No picture should appear in the copy. Transcribe exactly, and only, the lines from the one with "shredded carrots on a plate" through the last line of the data below.
BEGIN AVAILABLE DATA
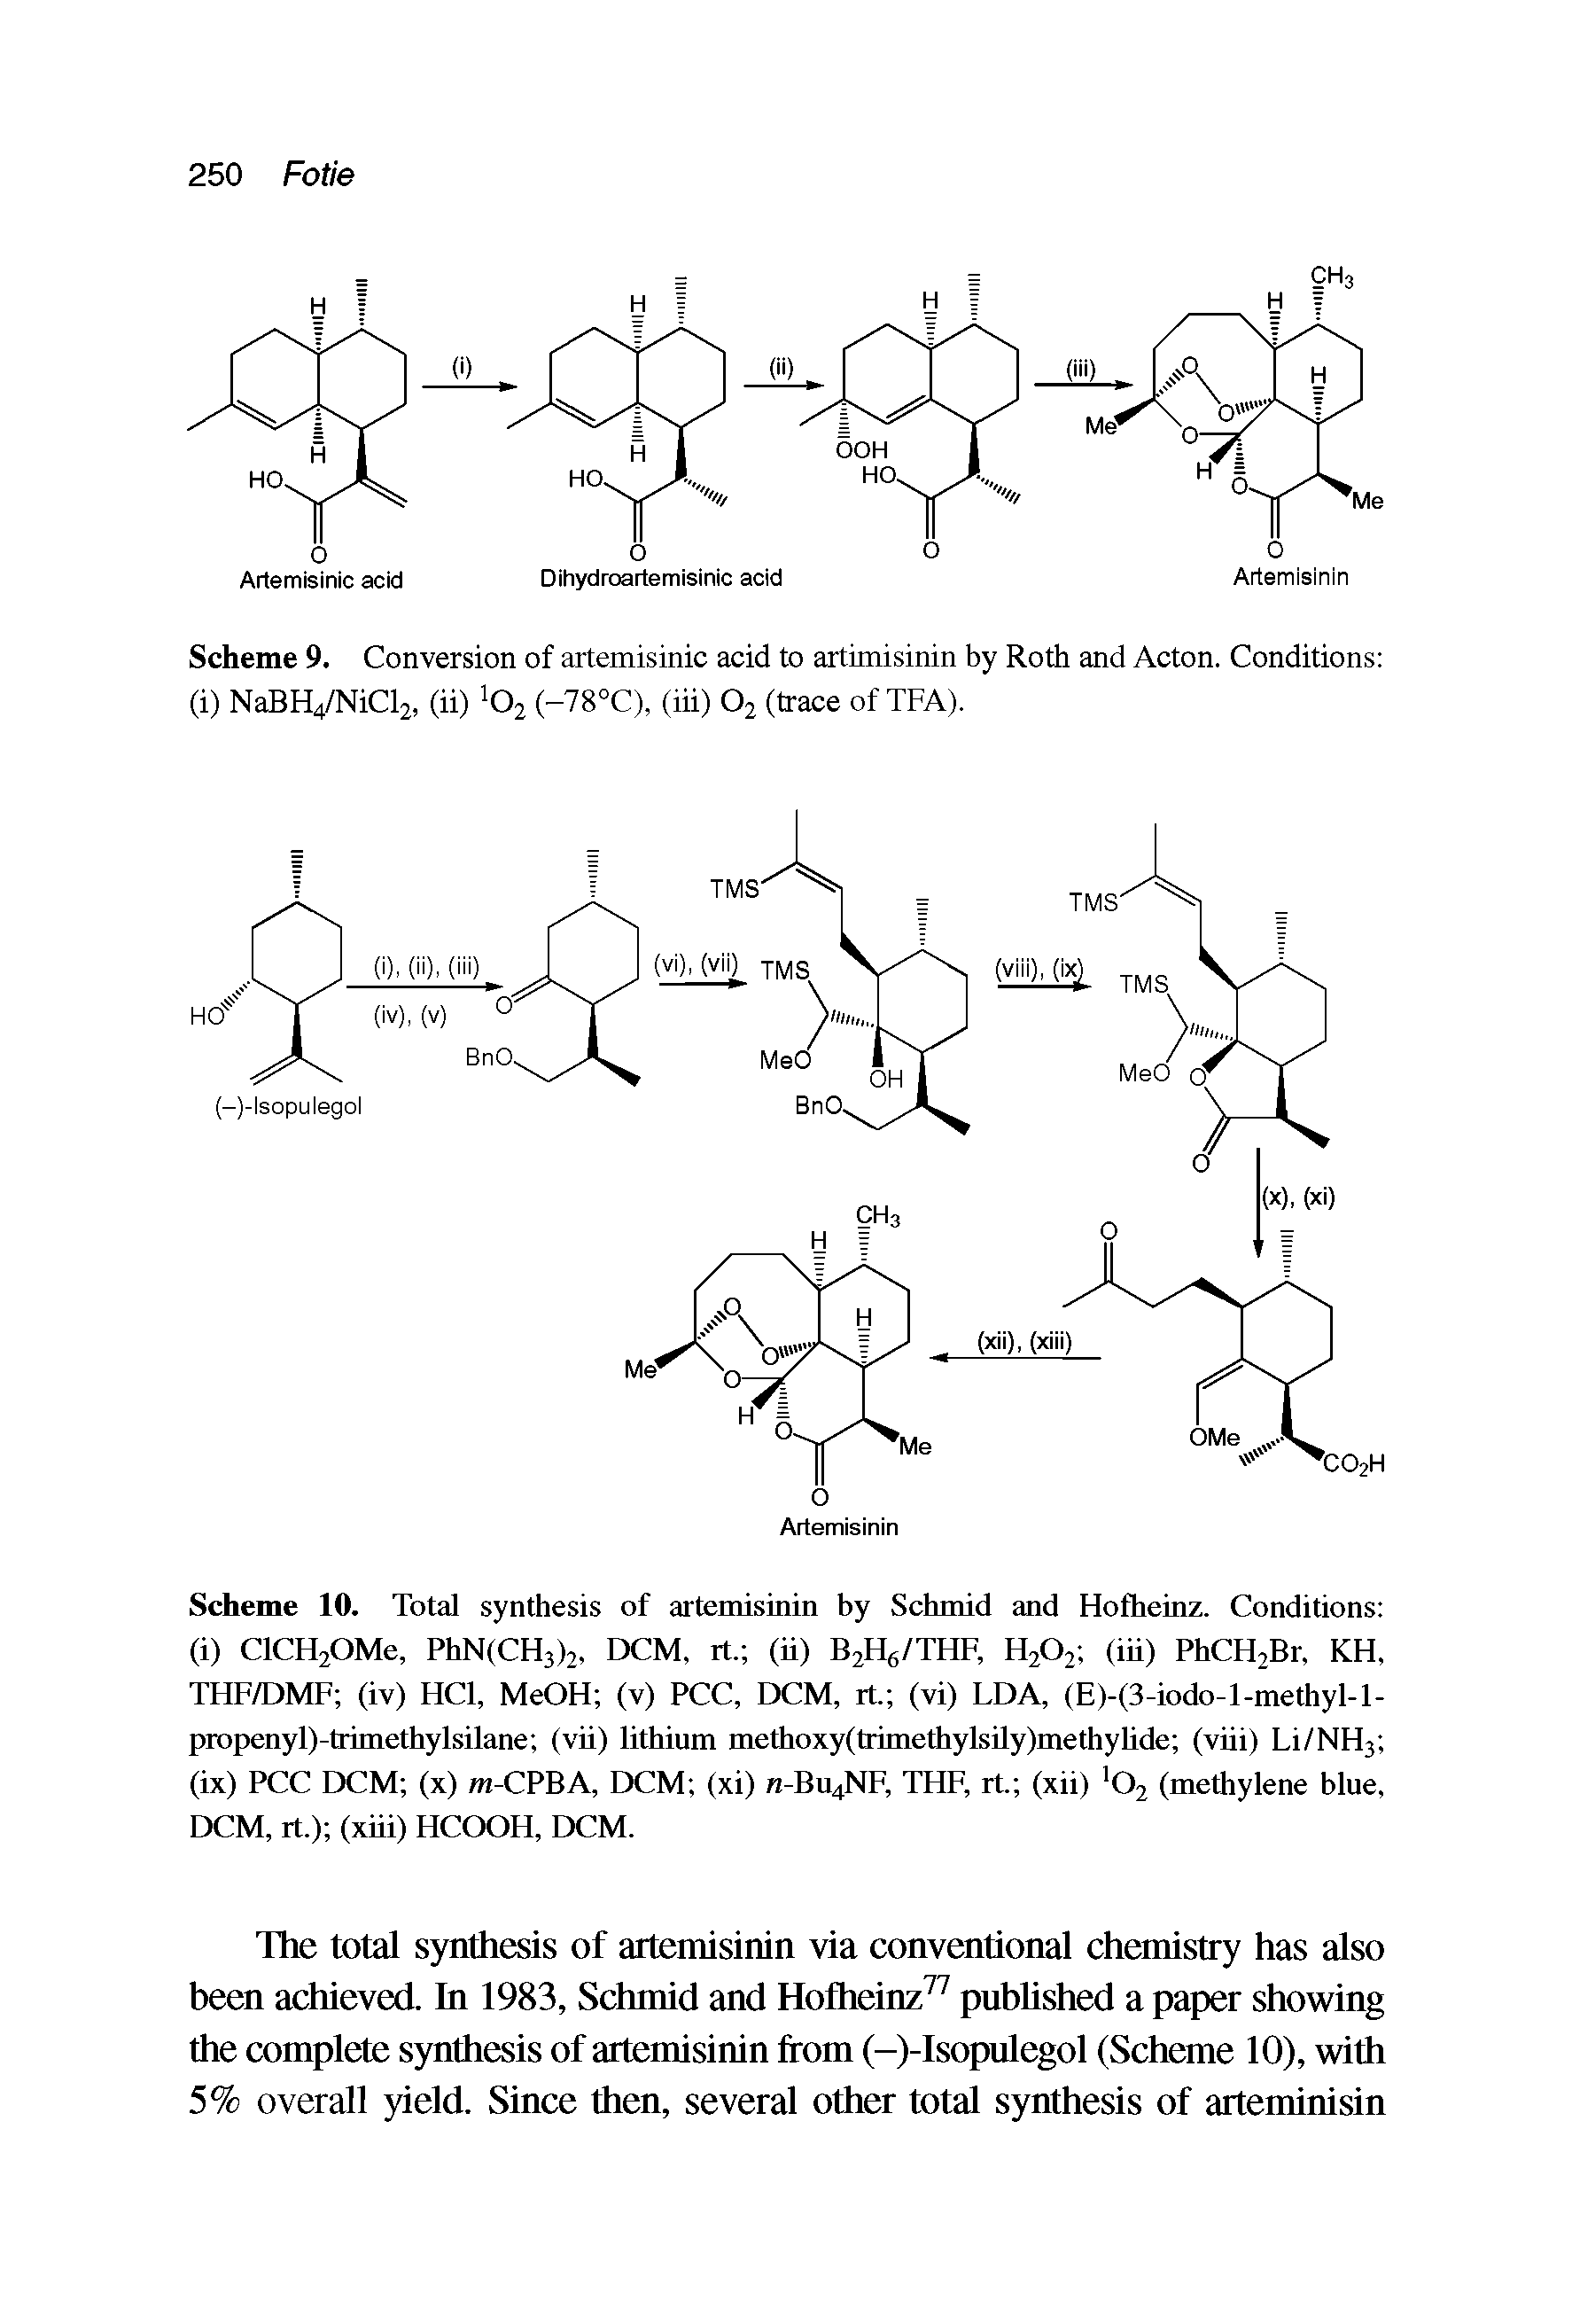 Scheme 10. Total synthesis of artemisinin by Schmid and Hofheinz. Conditions (i) ClCH20Me, PhN(CH3)2, DCM, rt. (ii) B2H6/THF, H2O2 (iii) PhCHzBr, KH, THF/DMF (iv) HCl, MeOH (v) PCC, DCM, rt. (vi) LDA, (E)-(3-iodo-l-methyl-l-propenyl)-trimethylsilane (vii) lithium methoxy(trimethylsily)methyhde (viii) Li/NH3 (ix) PCC DCM (x) m-CPBA, DCM (xi) -Bu4NF, THF, rt. (xii) O2 (methylene blue, DCM, rt.) (xiii) HCOOH, DCM.
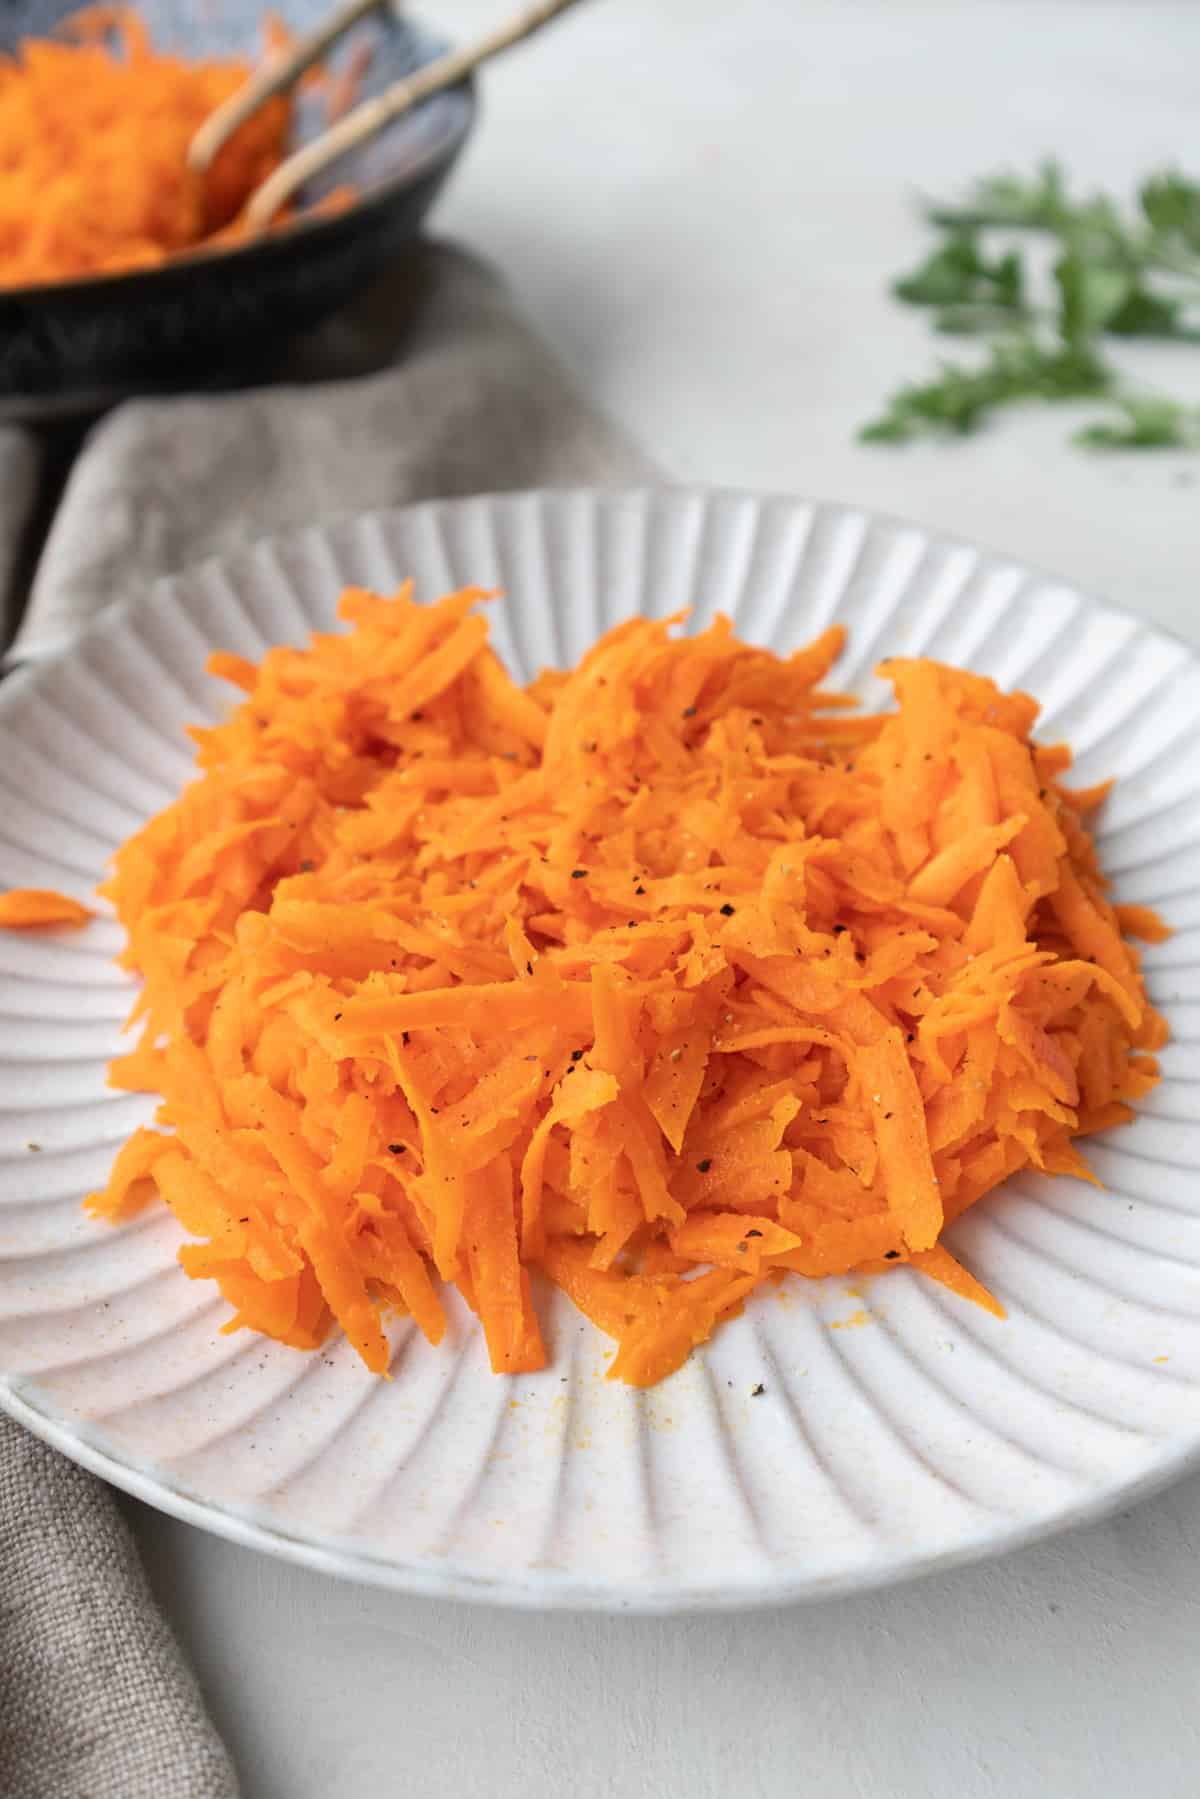 shredded carrots on a plate
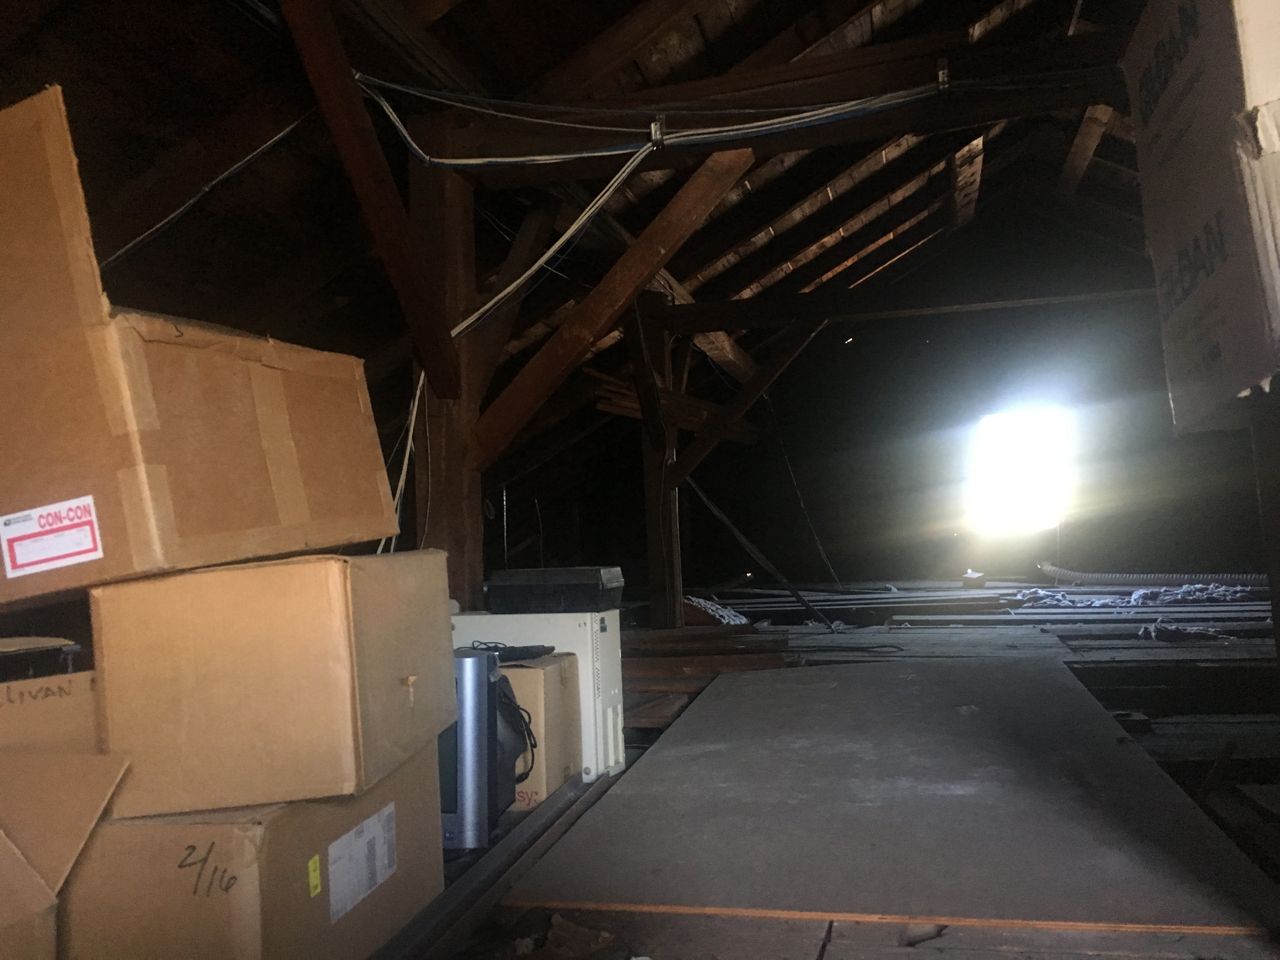 The Sullivan County Sheriff's Patrol Office's attic
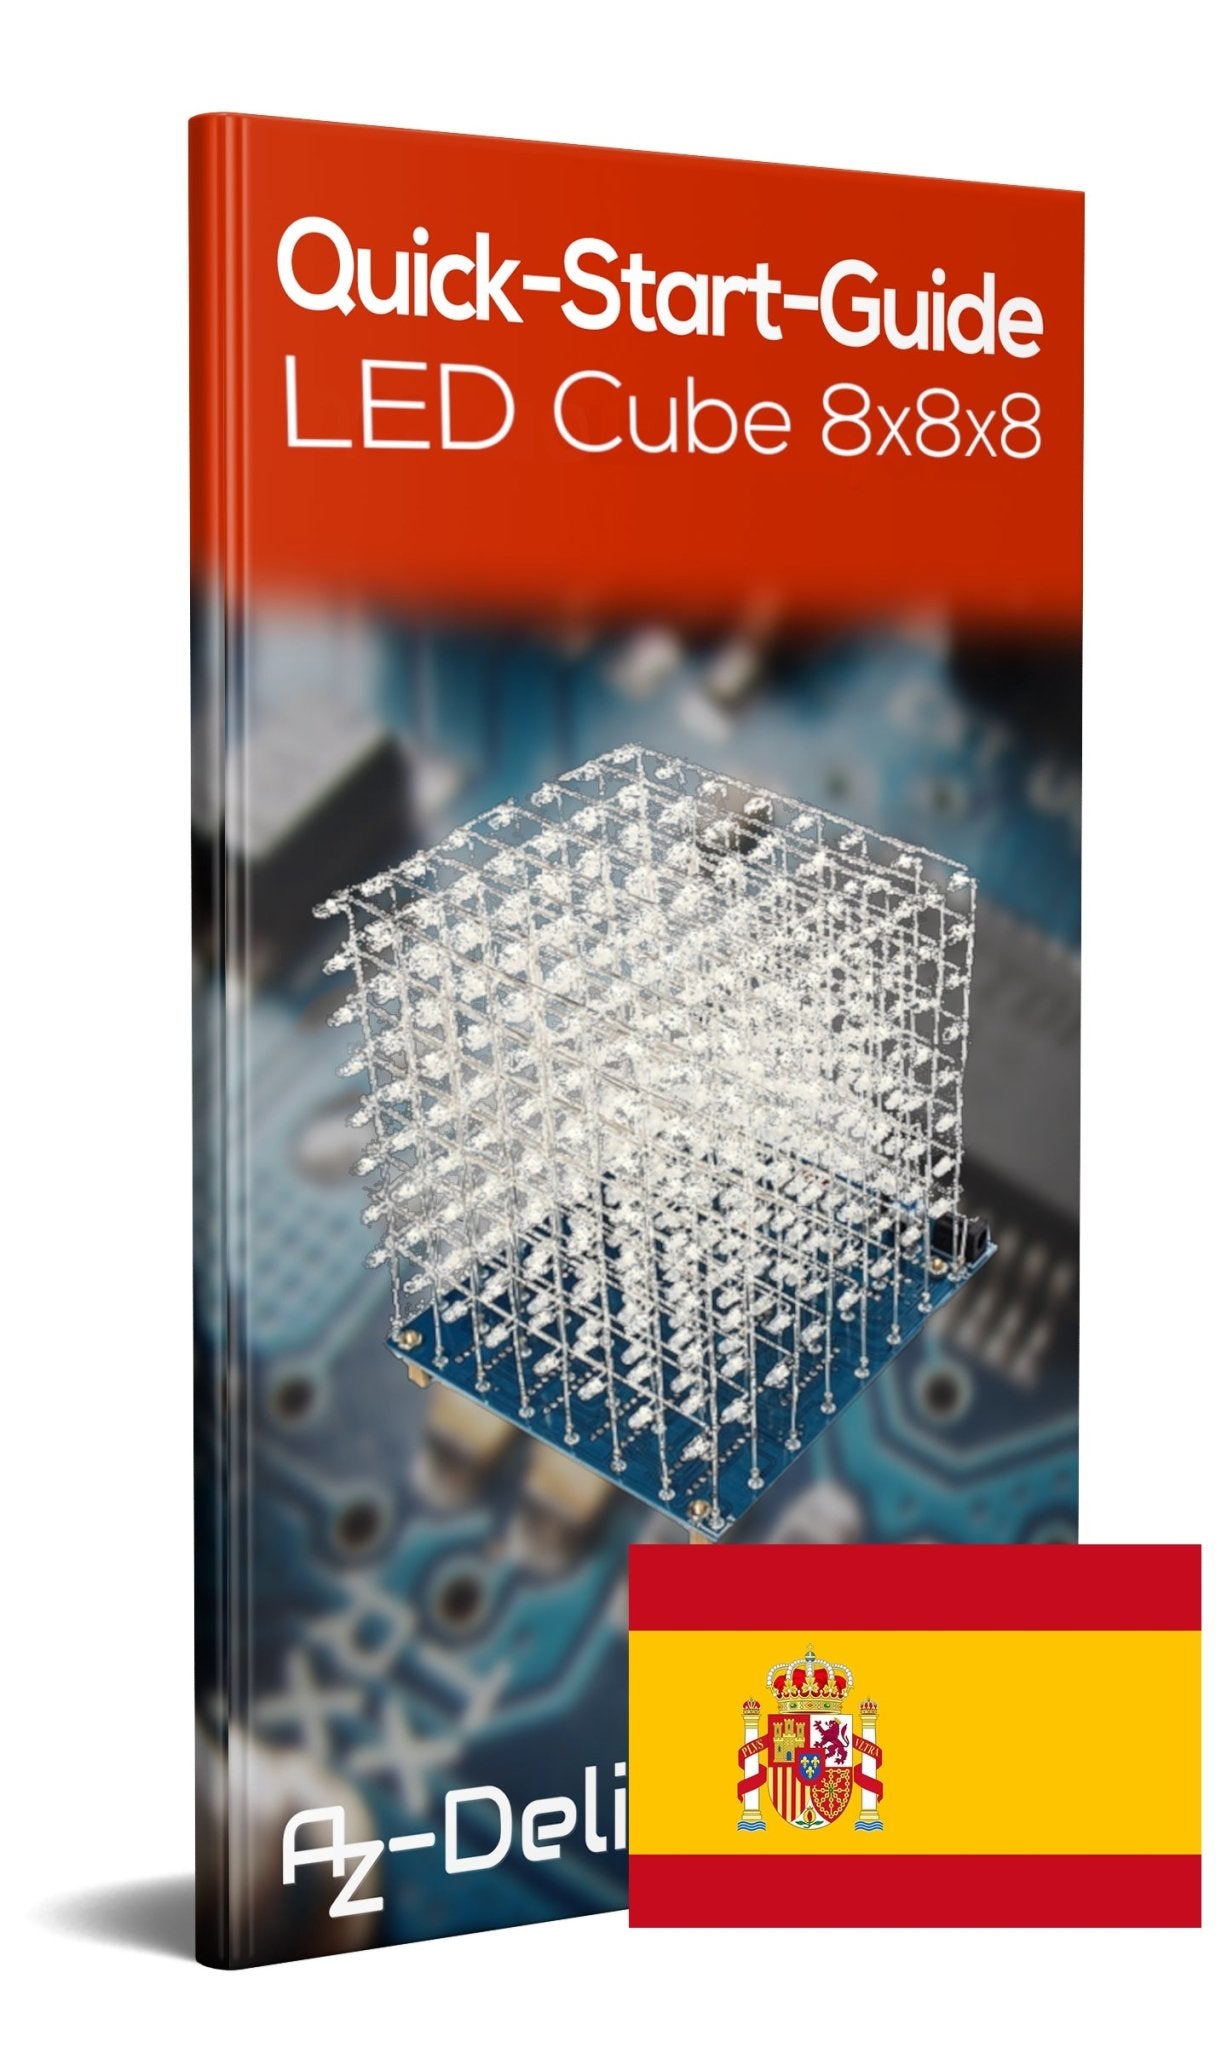 3D LED Cube 8 x 8 x 8 Cube Kit Light Matrix for Electronics Projects
END AVAILABLE DATA
_RESULT OF THE TASK_.
 shredded carrots on a plate
 The Sullivan County Sheriff's Patrol Office's attic
 3D LED Cube 8 x 8 x 8 Cube Kit Light Matrix for Electronics Projects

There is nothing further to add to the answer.